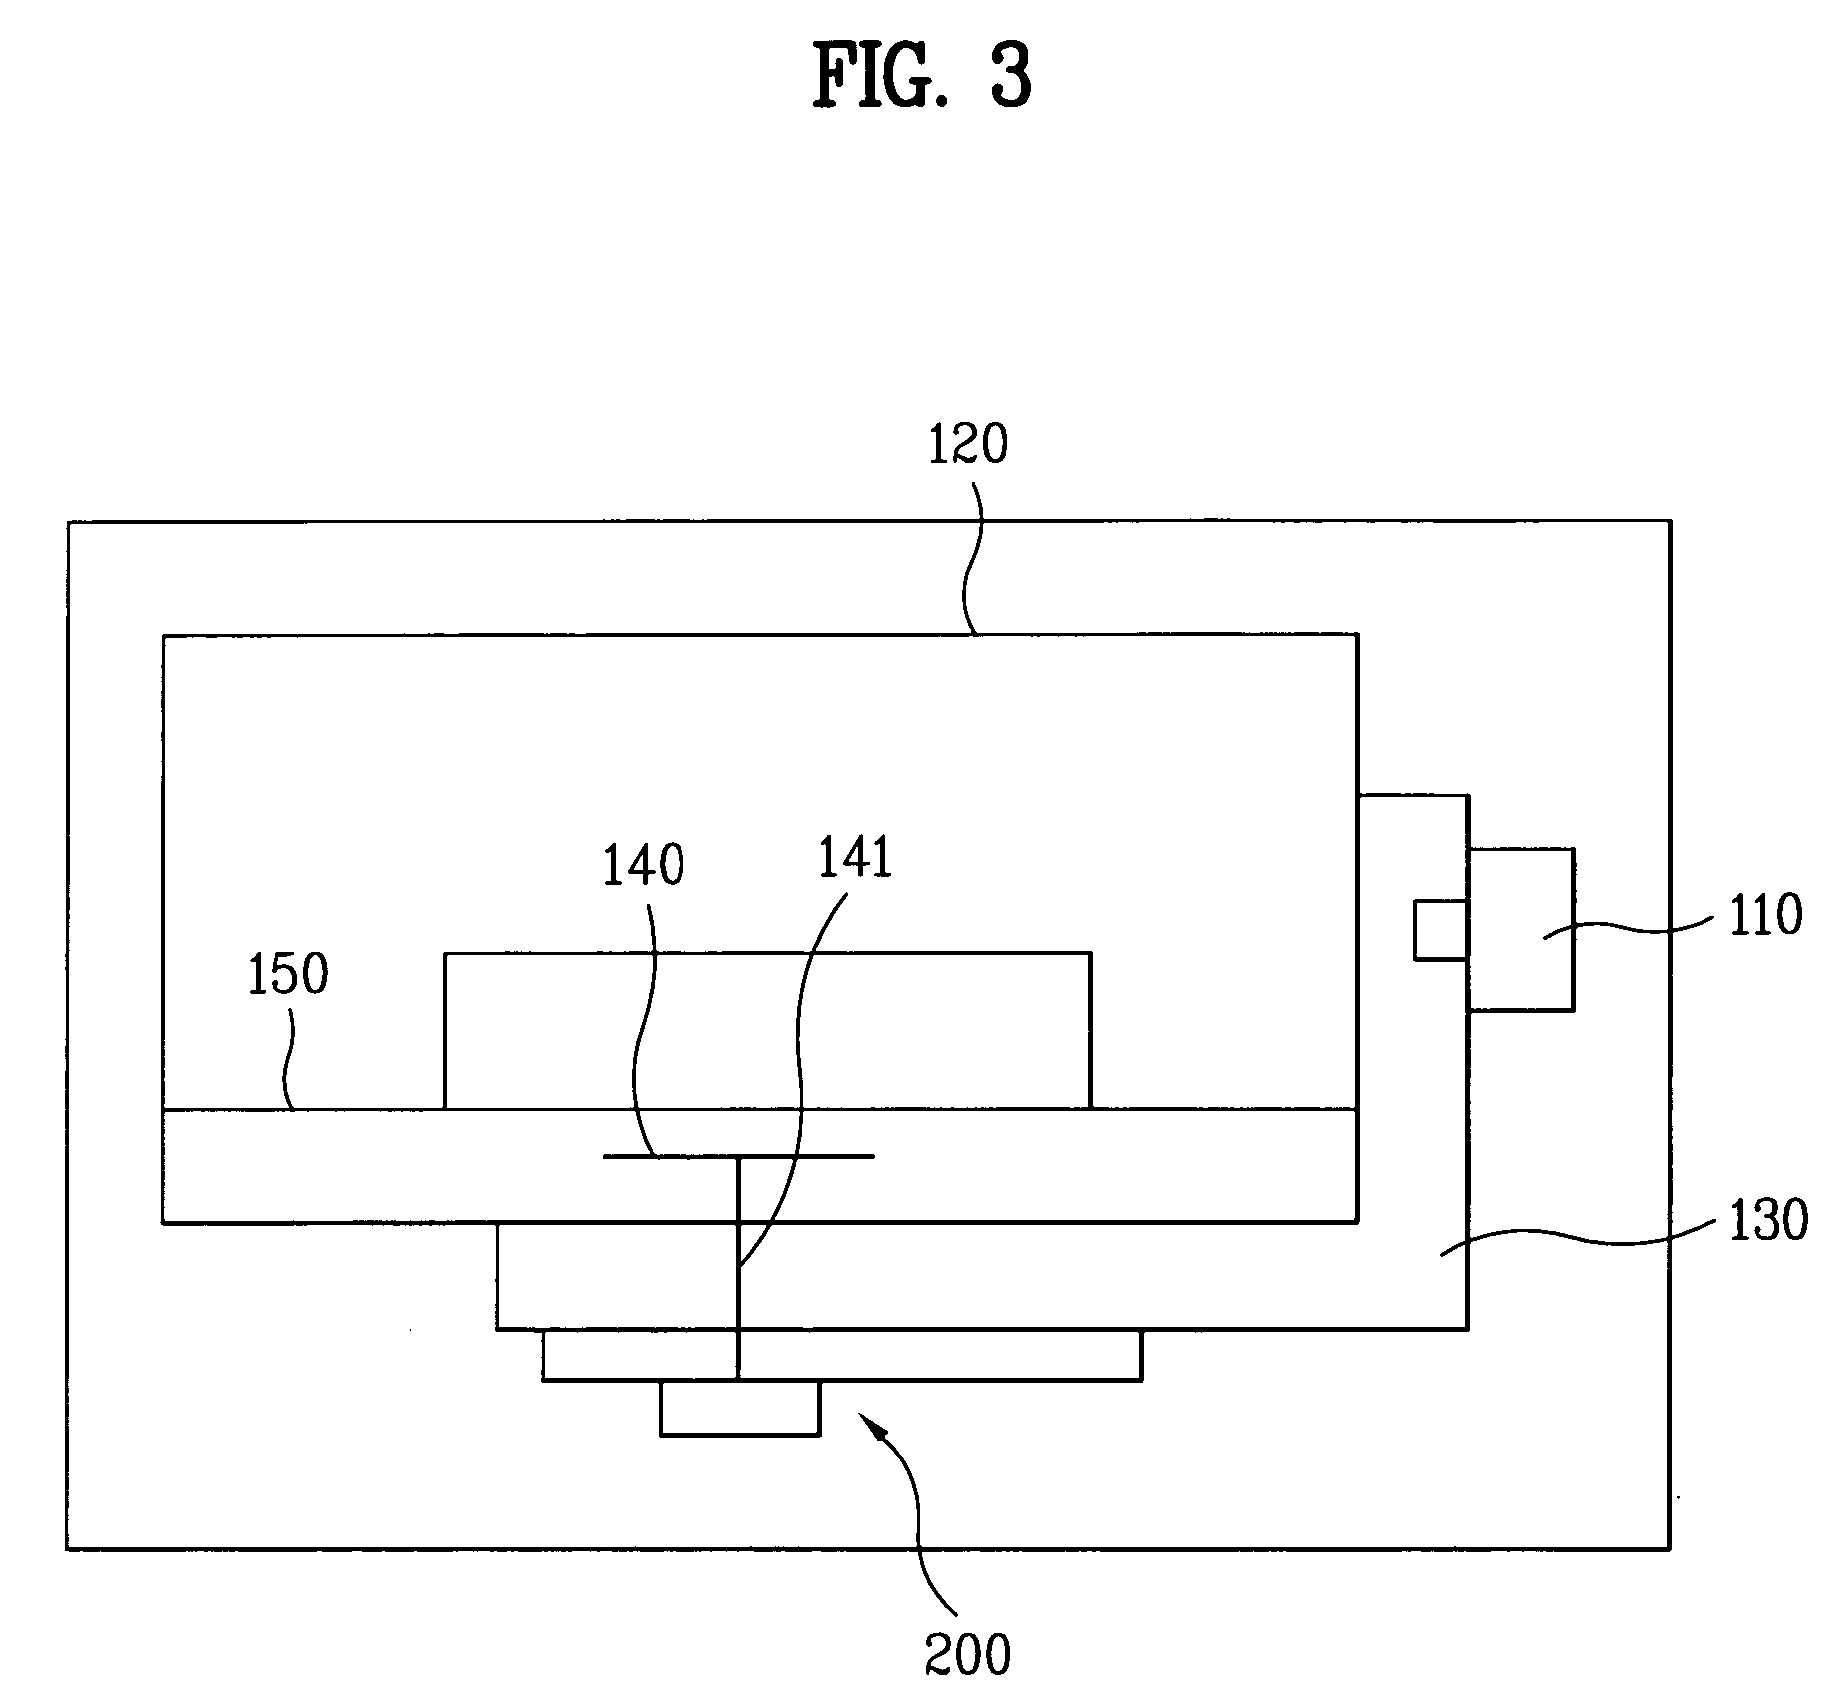 Microwave oven having a driving unit for moving and rotating an antenna
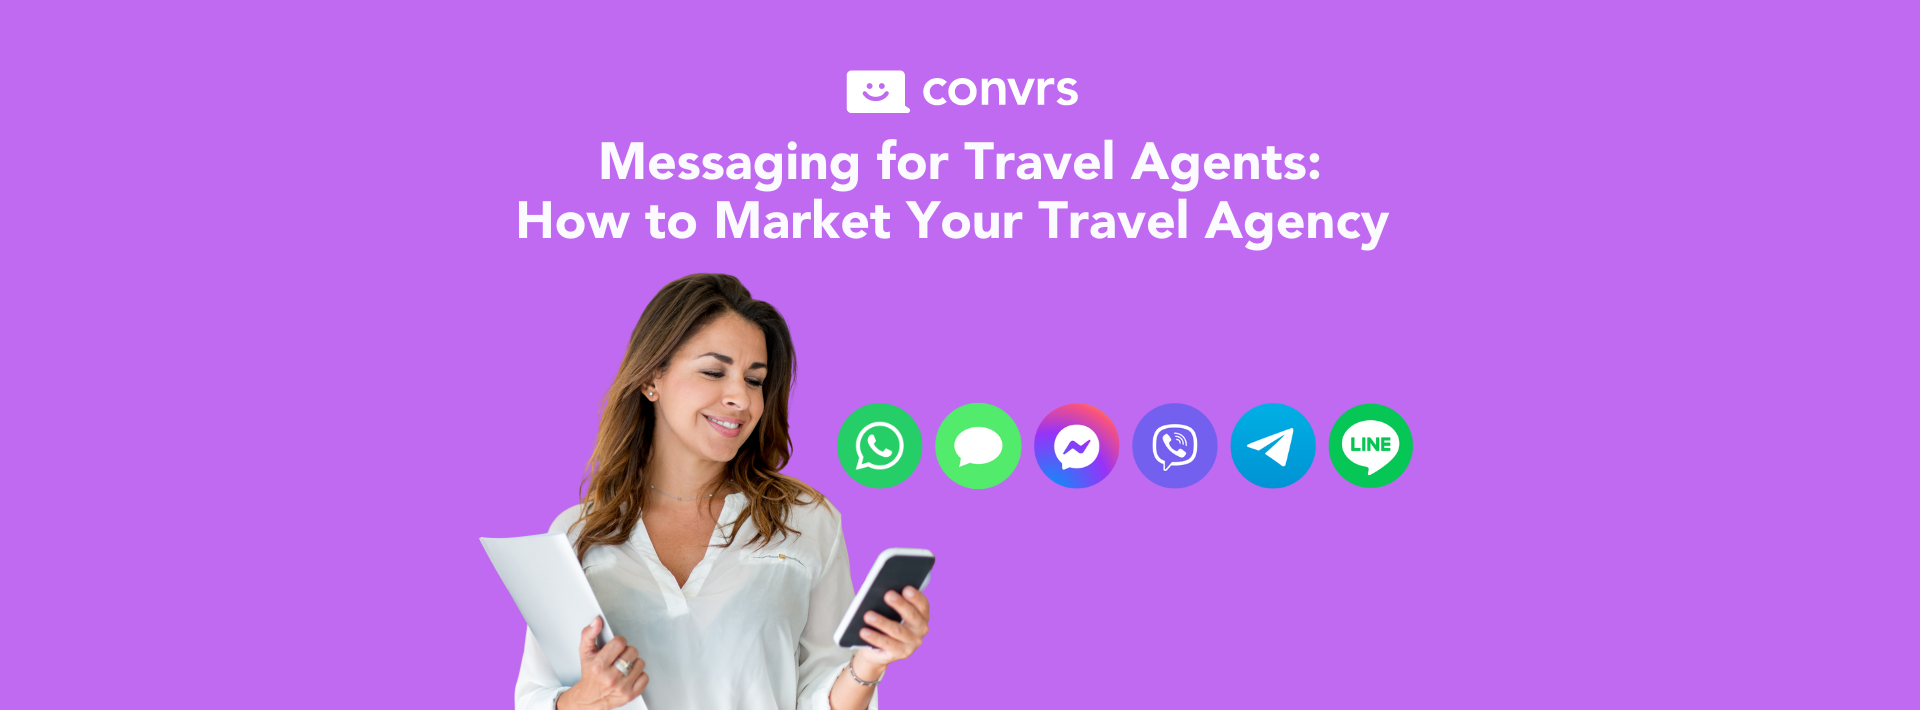 Travel agent using messaging apps for customer communication
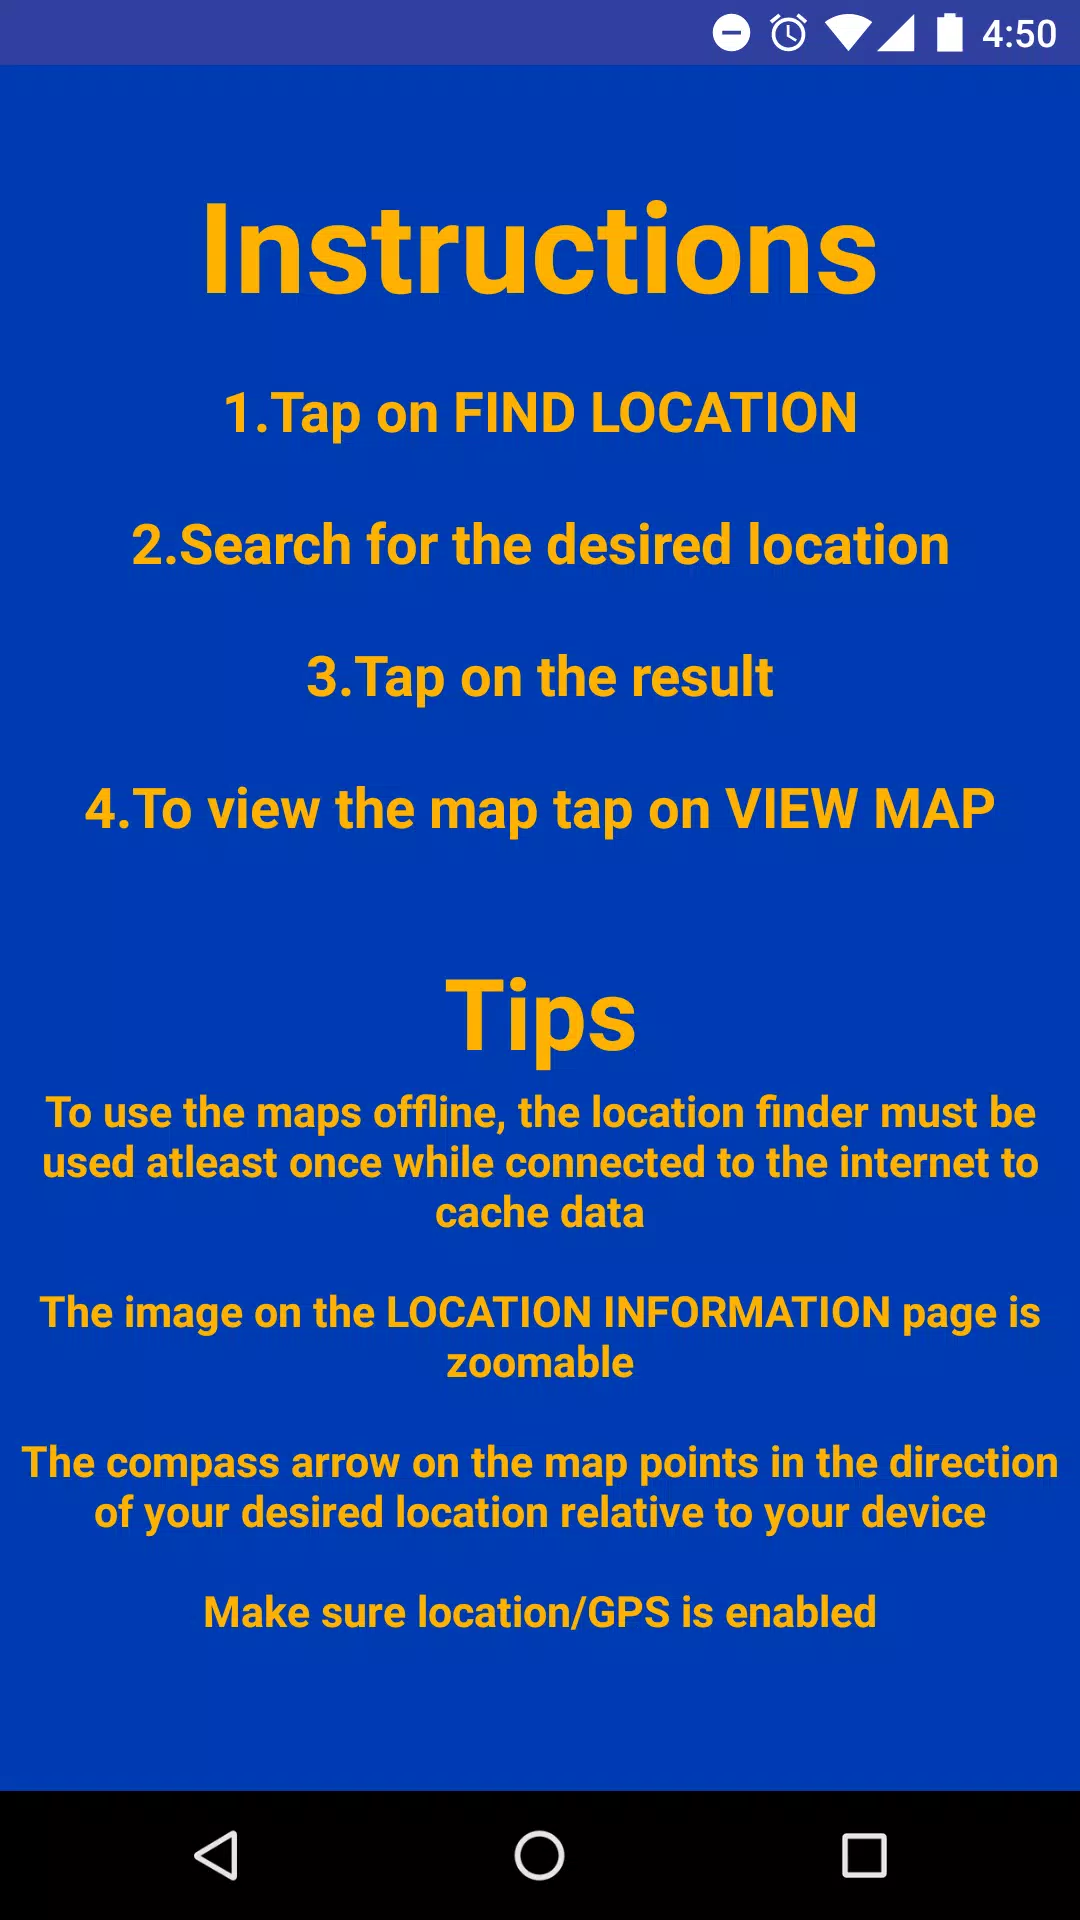 Sitefinder UWI - Location finder for UWI STA for Android - APK Download
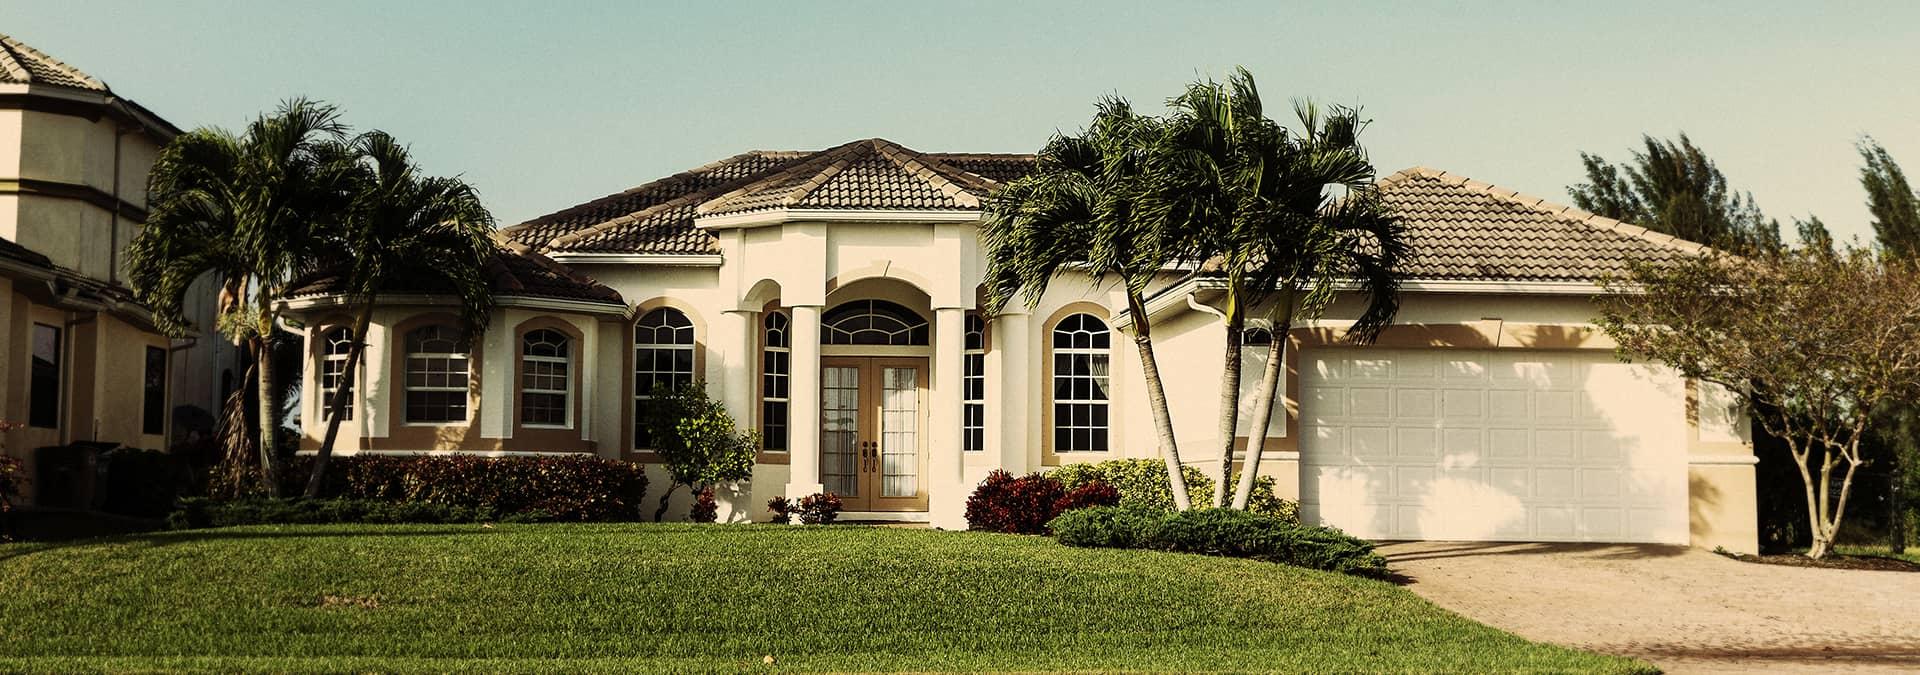 street view of a home located in palm valley florida

▬▬▬

Exercise requirements :: Restate the data word for word, minus any images.

Response ::
 Microwave oven having a driving unit for moving and rotating an antenna
 Travel agent using messaging apps for customer communication
 Sitefinder UWI - Location finder for UWI STA for Android - APK Download
 street view of a home located in palm valley florida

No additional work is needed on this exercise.